It’s Easy to Lower Energy Bills – Insulate!

BuilderLiveI continue to be amazed at tradeshows how attracted attendees are to photovoltaic (PV) products. It is admittedly an exciting technology and I saw this again at the Greenbuild and the International Builders’ Shows.  At this past IBS show, our Builders’ Resource Center answered many questions on many topics but clearly the most interest was again regarding integrated photovoltaic roofing and PV panels.

I guess what I find so amazing is how much time people will dedicate to evaluating the return on investment (ROI) for PV while remaining so unwilling to spend even a little effort going after low hanging fruit that might not be as exciting or visible. PV can be a good investment for many folks but it could be a great investment if they improved their baseline consumption first.

Insulate, tighten up that ductwork and envelope while ensuring proper fresh air and then the same PV investment can go from providing say 50 percent of your power needs to providing 75 percent. There’s an old African proverb that says: “if you want to go fast go alone but if you want to go far go together.” Nothing could be truer in a situation such as this. Every little effort you make can combine to have an impact greater than the sum of the parts.

Another thing I often hear during trade show discussions about solar is that folks are going to wait a little longer until they get into the PV roofing (they have a new roof they don’t want to disturb just yet, they are waiting for the right client to force their hand, they heard that prices are going to keep dropping as more folks get into it, etc…). I understand. It’s not a small investment and so it should be done with prudence.

But…. adding insulation and improving the building envelope need not wait. Material prices for these types of products are near historic lows and labor is trained, willing, and eager to do the job. You will begin saving money on your energy bill immediately and perhaps your new cash flow properties will actually allow you to get that super sexy solar even sooner.

 

Comments
  • The “green” ROI (for those people that actually care about ROI in this sense), the effectiveness has always been (in the order of diminishing return) insulation -> solar water heating -> more efficient lighting -> solar PV
    I wonder if you guys are seeing new technologies coming to the market that might pull the solar PV from the very end of that list closer to the front?

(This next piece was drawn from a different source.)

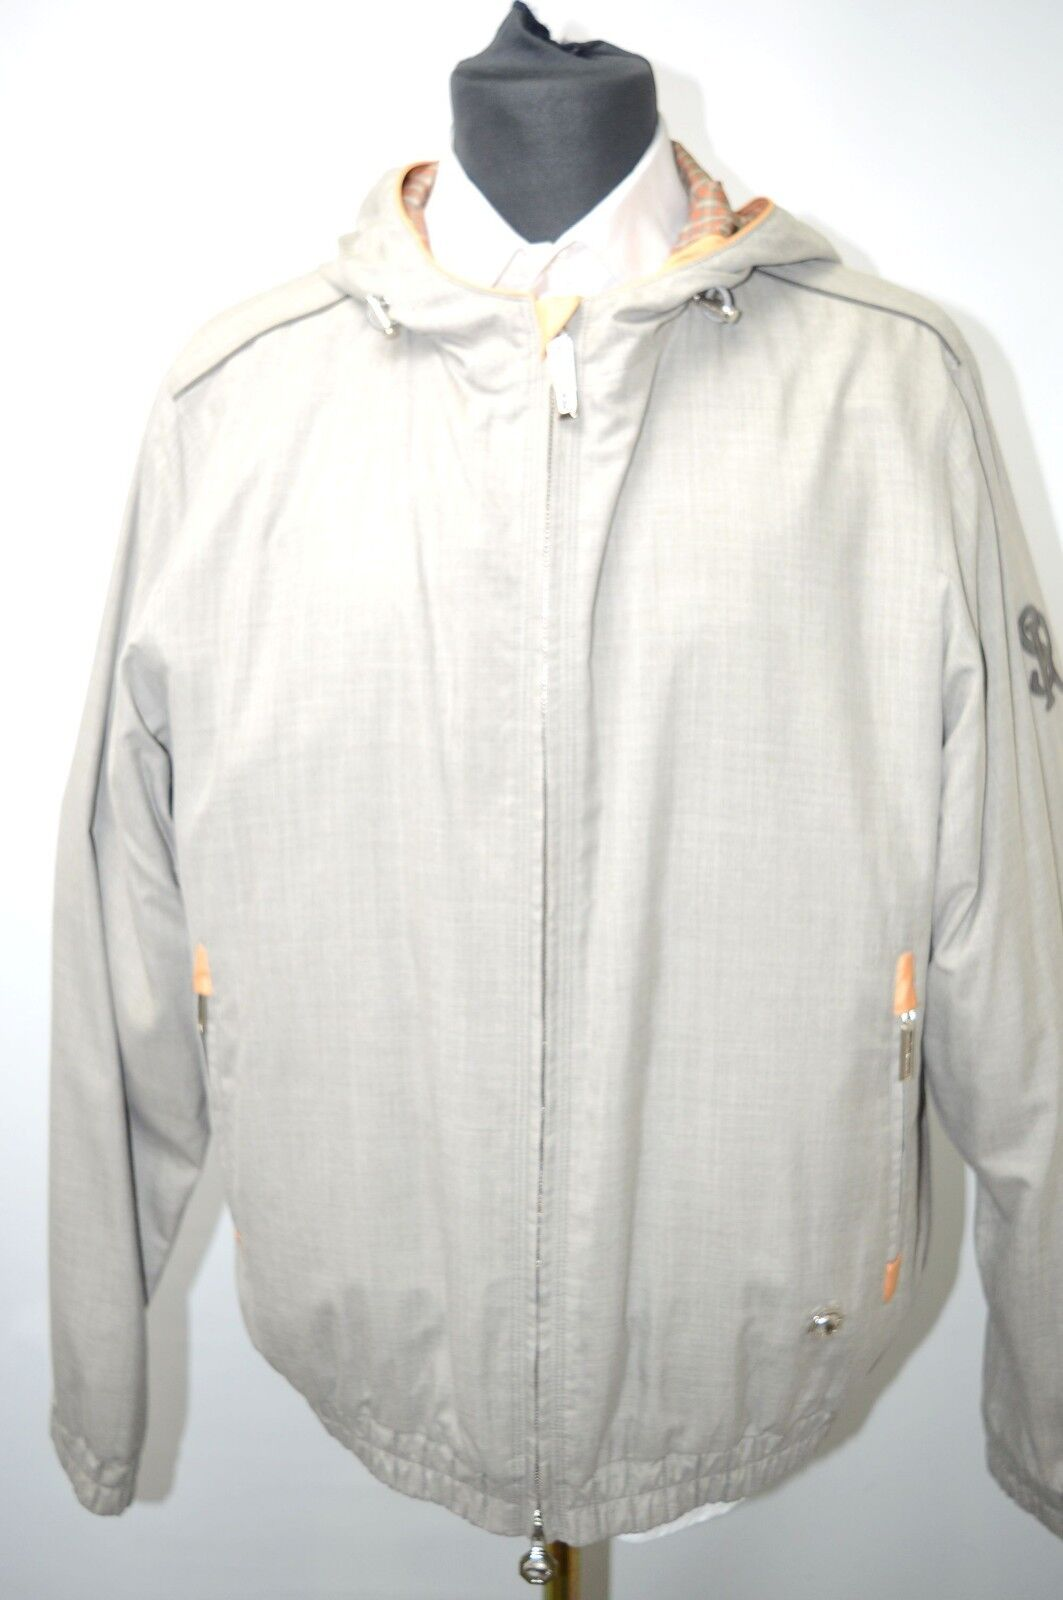 NEW 8550,00  STEFANO RICCI Outwear  Coat Silk  Us 2XL Eu 56 G107

Would you say the improvement would come sooner from the “Investment” parts of the equation (i.e. prices are coming down for both product and installation) or the “Return” side of it – more efficient generation or perhaps more features, such as PV roof shingles and so forth?

    I can kinda-sorta see the prices coming down at somewhat predictable pace but how do you account for new technology? In other words, do we know that there won’t be a more efficient technology available in 5 years which would make the investment in today’s technology an imprudent one? I mean, if you delayed an iPod purchase for 5 years, you would have gotten something that’s 100 times more capable and still a bit cheaper. So, do you think there’s this kind of anxiety of anticipating something new and better every year that we now associate with all things electronics that may also be holding PV back?

    Thanks!

    • I think your question is on a lot of people’s minds and it is certainly a fast moving target so I asked one of our industry leading experts, Mr. Mark Stancroff, Director, CertainTeed Solar Business, how he felt about this. Mark’s response to your question was this; “The biggest thing to remember is that currently there are significant incentives (tax credits, state/utility rebates) in place to make solar affordable. As the technology improves and solar becomes more efficient / economical, the rebates offered decrease. So in the world of solar, waiting doesn’t necessarily provide any economic benefit since if the price of solar decreases over 5 years, the corresponding rebates/credits will most likely decrease also, leaving the net cost of solar to the homeowner the same.” Based on my life experience that rings pretty true.